M1 <- glm(Time ~ Speed + Rotation + LedgeWidth + Sensitivity + Success,
family = gaussian, data = bolts)
summary(M1)
Call:
glm(formula = Time ~ Speed + Rotation + LedgeWidth + Sensitivity +
Success, family = gaussian, data = bolts)
Coefficients:
Estimate Std.
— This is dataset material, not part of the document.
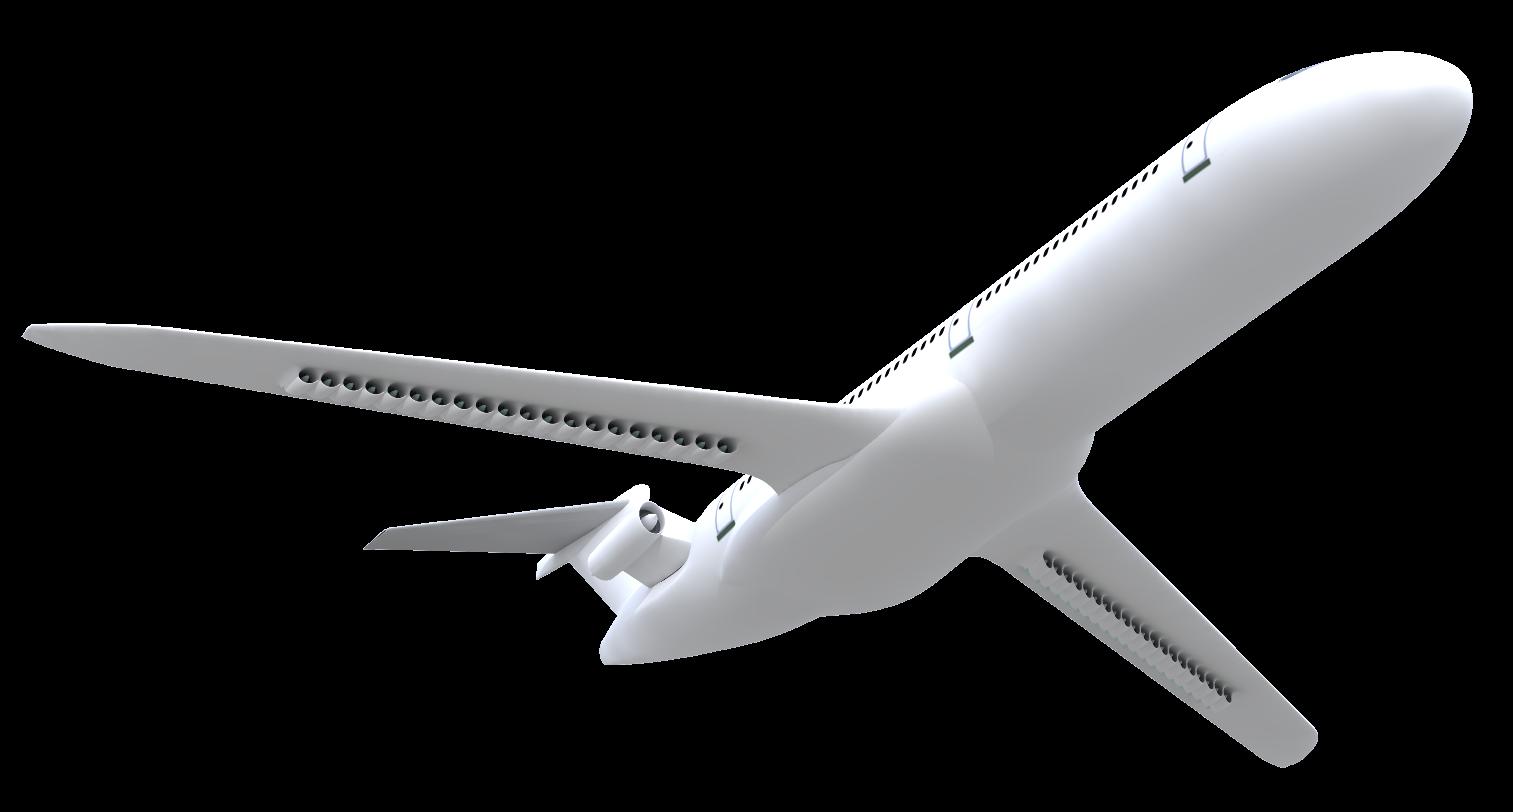 Bourget 2019 : L'Onera dévoile Dragon, concept d'avion de ligne à propulsion distribuée

Error t value Pr(>|t|)
(Intercept) 5.41504 1.20406 4.497 7.91e-06 ***
Speed 0.01069 0.01841 0.581 0.56156
RotationClockwise 3.15466 0.14452 21.829 < 2e-16 ***
LedgeWidth 0.14868 0.04949 3.004 0.00275 **
SensitivityHigh 2.07058 0.14577 14.204 < 2e-16 ***
Success1 0.26581 0.14597 1.821 0.06898 .
---
Signif. codes: 0 ‘***’ 0.001 ‘**’ 0.01 ‘*’ 0.05 ‘.’ 0.1 ‘ ’ 1
(Dispersion parameter for gaussian family taken to be 4.152716)
Null deviance: 6195.7 on 799 degrees of freedom
Residual deviance: 3297.3 on 794 degrees of freedom
AIC: 3417.3
Number of Fisher Scoring iterations: 2
rss <- sum(residuals(M1)^2) # Residual Sum of Squares
tss <- sum((bolts$Time - mean(bolts$Time))^2) # Total Sum of Squares
r_squared <- 1 - (rss / tss)
cat("R-squared:", r_squared, "\n")
R-squared: 0.4678119
cat("AIC", M1$aic, "\n")
AIC 3417.289
model_linear <- lm(Time ~ poly(LedgeWidth,1), data = bolts)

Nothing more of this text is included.